A: Sure. I majored in home economics in college, and it was always something that I had a bent toward. When I was about 38 years old, I began to get more interested in healthier eating. I really didn't know anything, but my husband started having some health problems. There was information coming out about grain mills and making your own bread so I thought I should ask around. I read Diet for a Small Planet, which focused on world hunger, eating more grains, and not eating meat. I gave my family brown rice, vegetables, nuts and seeds, but they didn't like it! I had to back off and pray. I asked the Lord, "What am I doing that I shouldn't be doing?" That still small voice said, "First of all, pray for your family, and second, change your approach." So, I backed off. I did purchase a grain mill and mixer, and it was quite an expensive investment. I told the children, "No more white bread; we are going to have whole grain bread," and we got so that we really loved it. I started selling the machines and giving demonstrations. Then my demonstrations got longer. People were asking me nutritional questions like, "Why do you use honey instead of sugar? Why do you use oil instead of shortening?" I had to say, "I don't know, but I will research it." In the summer of 1978, we decided to do a nutrition seminar. I would have women come up to me and say, "We need recipes to do what you are telling us to do. Do you have some?" So, I took 100 of my favorite recipes, and we made up 100 sets. These eventually grew to more recipes and nutritional information in a binder, and then the binders became our basic set of seven cookbooks.
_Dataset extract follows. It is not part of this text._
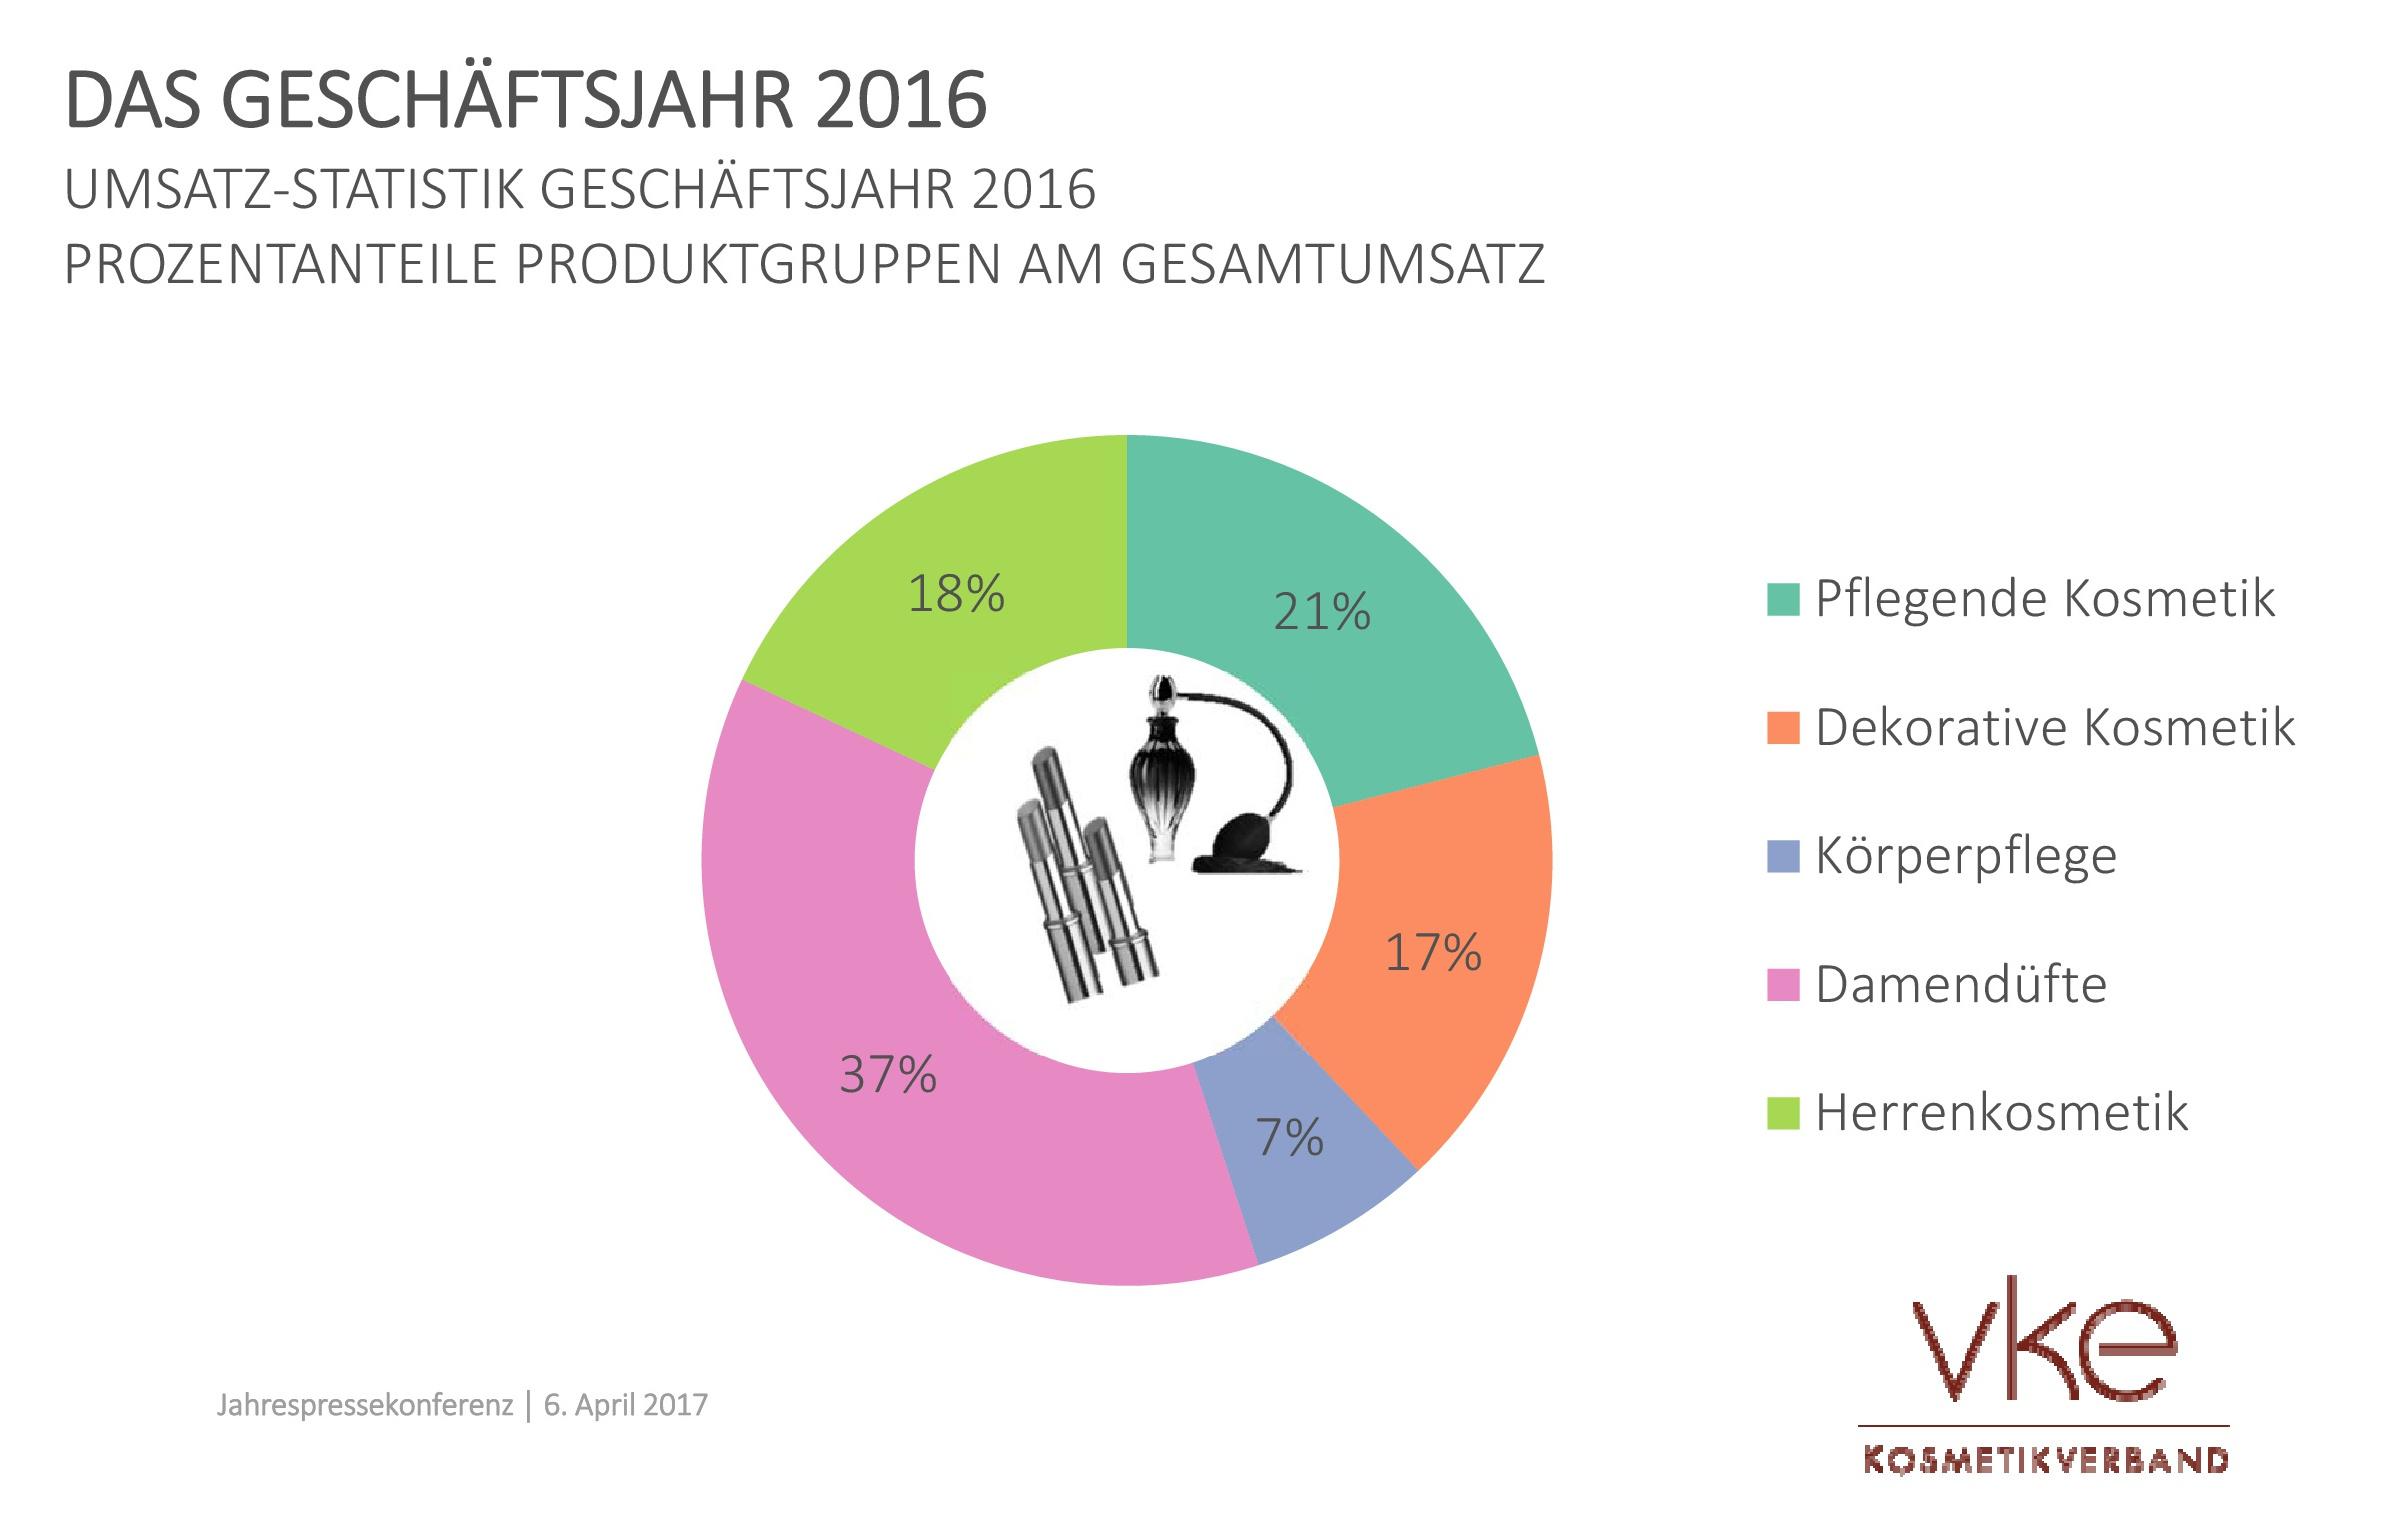 Umsatze 2016 Und Erwartungen Fur 2017 Der Prestigekosmetik

Q: When attempting to change to a healthier diet, many think, "I cannot do this." How do you talk someone through the first steps of changing their diet?
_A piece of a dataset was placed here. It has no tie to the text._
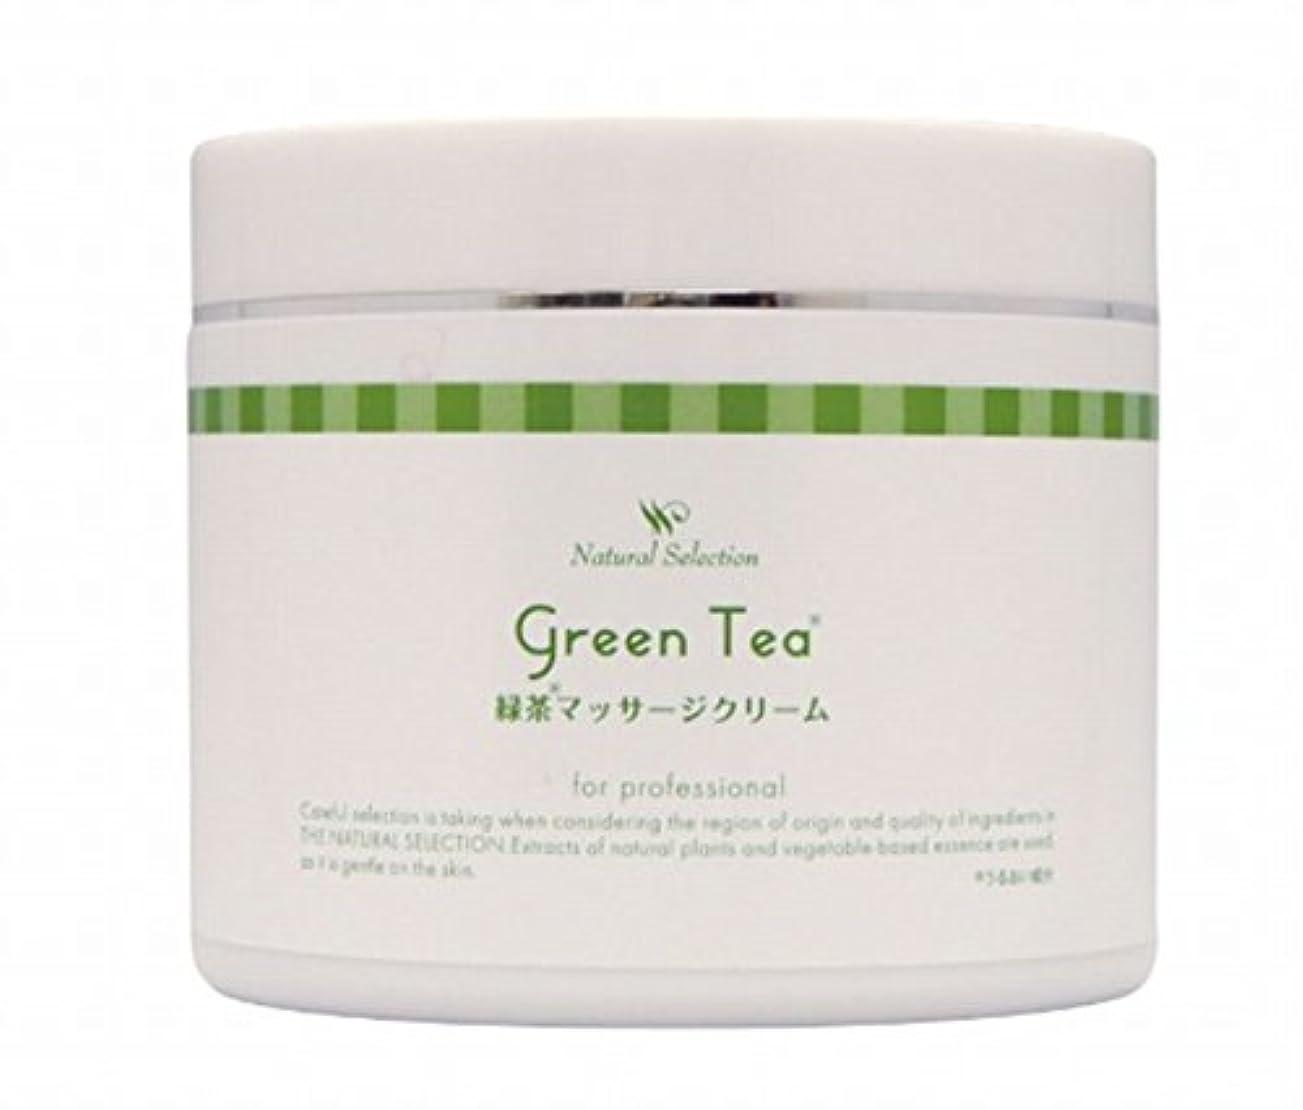 光のお父さん悪の緑茶マッサージクリーム(450g)【フットマッサージ】足もみクリーム 2個セット

A: First of all, there has to be a conviction, a mindset that says it is important. I recommend beginning with prayer. God understands all of our individual situations, what we can cope with and what we need to work on. Through prayer, He can answer our needs. We have had people come across our book Healthy Living and tell us, "I was praying for a way to do this and I found your book." That always encourages me. Healthy Eating deals with the why and the how-to. We deal with the main challenges we have seen women have.
The second thing is to start with simple things. You don't have to start with expensive equipment, and you don't have to start with yeast breads. We suggest making whole grain quick bread recipes in the blender. Almost any woman has a blender, and they can make muffins, pancakes, waffles and cornbread. It is so easy to do! Another key is changing the ingredient quality in your own recipes with really simple things such as buying leafy green lettuce instead of iceburg lettuce. If your family is into pasta, then go to the health food store and get some kamut pasta instead of white flour pasta. If you are big chicken eaters, start with a few chicken recipes or if you like Mexican food, just change the quality of ingredients in your recipes.
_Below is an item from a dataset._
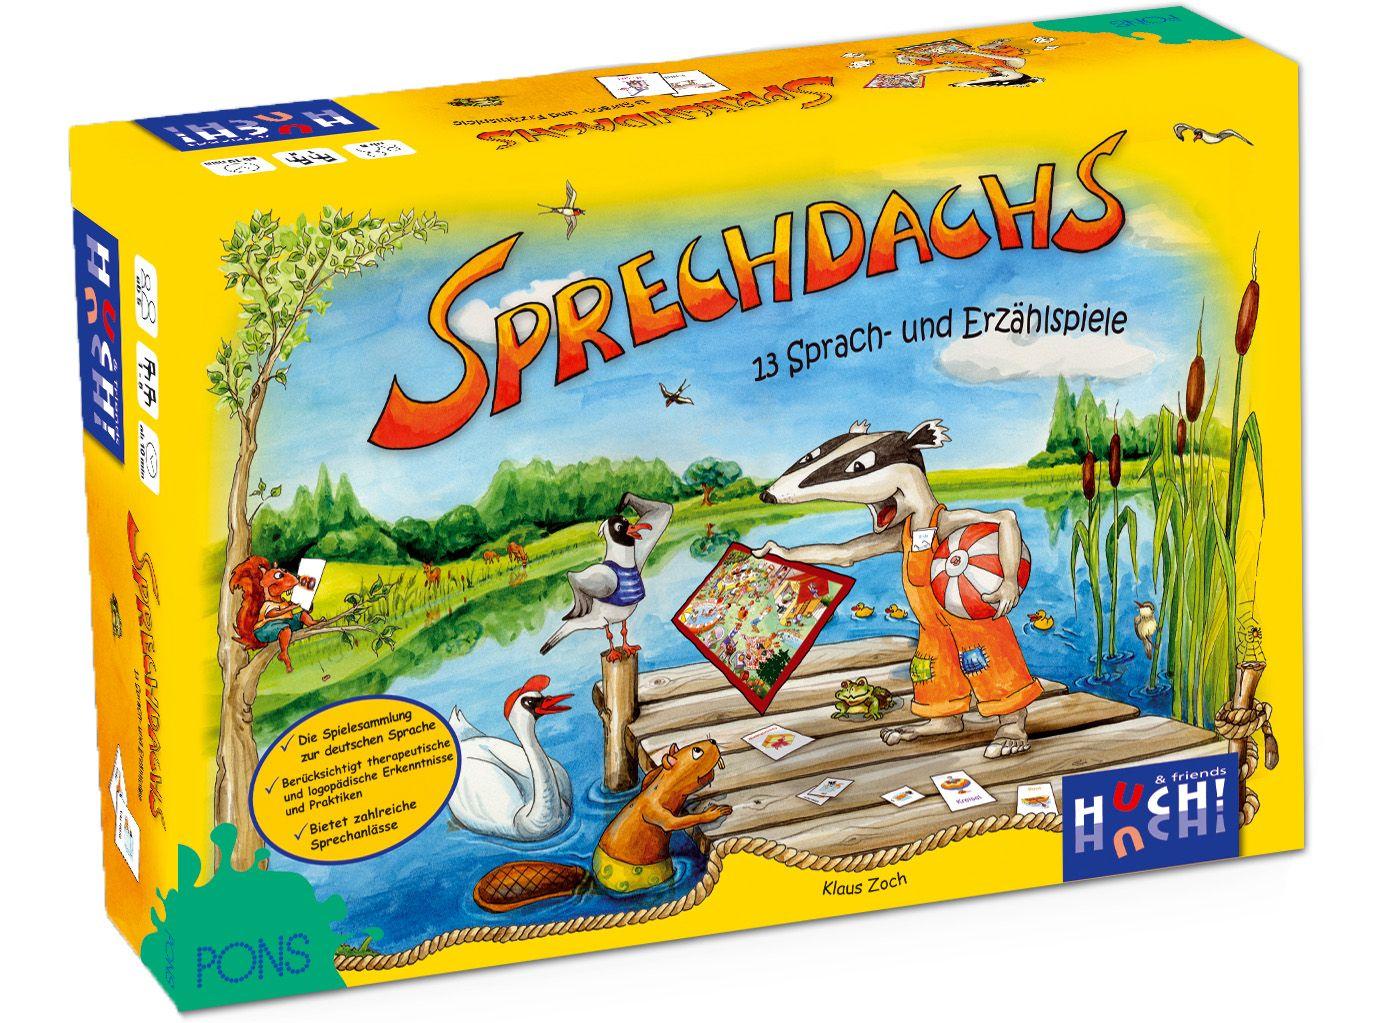 HUCH FRIENDS Huch! & friends Kinderspiel, »Sprechdachs«

Then, especially for homeschoolers, if you can involve your children, the children get excited, and it becomes a learning project. If you teach your children, they can contribute to the workload, which makes it less overwhelming.
My final point is to have proper expectations. This is a subject that requires time and focus. It can be a good project for a family to do in the summer when homeschooling lightens up.
Q: Some common questions are: How much money will we spend? Where do we find resources? Will I like the taste of these foods? Let's start with cost. Is it true that healthy eating costs a lot of money?
A: We put the approximate cost of the recipes in our books. Those prices become outdated faster than you would think, but even though they are dated, they are comparative. You can compare and see what is less expensive. In Main Dishes we have a chart of 46 low-budget menus. Grains and beans are always the least expensive things. I tell women, "When you initially start, it might go up a little bit because you are trying to make adjustments. But, when you start to shift the balance of the foods so that you are using less dairy and less meats, and more of your lower cost foods such as grains and beans, then that helps to balance the cost." It turns out that you can spend a lot of money or you can spend a little money, depending on how you balance out your choices.
Q: What about taste?
A: Basically, just start with familiar, favorite recipes, and change the quality of the ingredients. It is more apt to be acceptable.
Q: Where do we go for resources? What's available?
A: Check with your local health food store. Then, you can look on the Internet for mail-order sources. Find a source close to home and you can save on shipping
Q: You talk about something called the "Two Step Process." Can you explain what that is?
A: Our Breakfast book introduces this, and it involves the whole grains. There are phytates in grains that bind up key minerals. Unless you process grains slowly, those nutrients won't be released. There are three ways to accomplish this. One is to sprout the grains. Two is fermentation. That is when you make yeast bread. I have changed the process for yeast bread by making a sponge the night before. You put the liquid with the flour in a bowl, add the yeast and mix it well. Let it stand at room temperature, and the next morning you finish off the recipe. I also recommend at least two rises; that extends the fermentation. The third option is the "Two Step" process. You allow the grain to soak, seven to eight hours or overnight, and that releases the nutrients. With a blender you put in the grains and liquids, and blend it for three minutes, omitting the egg since it will be sitting at room temperature. When the soaking is complete, you add the egg, the rest of the ingredients, and do the baking. Once you learn the process, it is easy to take any other recipe and apply the principle. Now that this has come to my attention, I wonder if so many people have trouble with allergic response to whole grains because they are not doing this process.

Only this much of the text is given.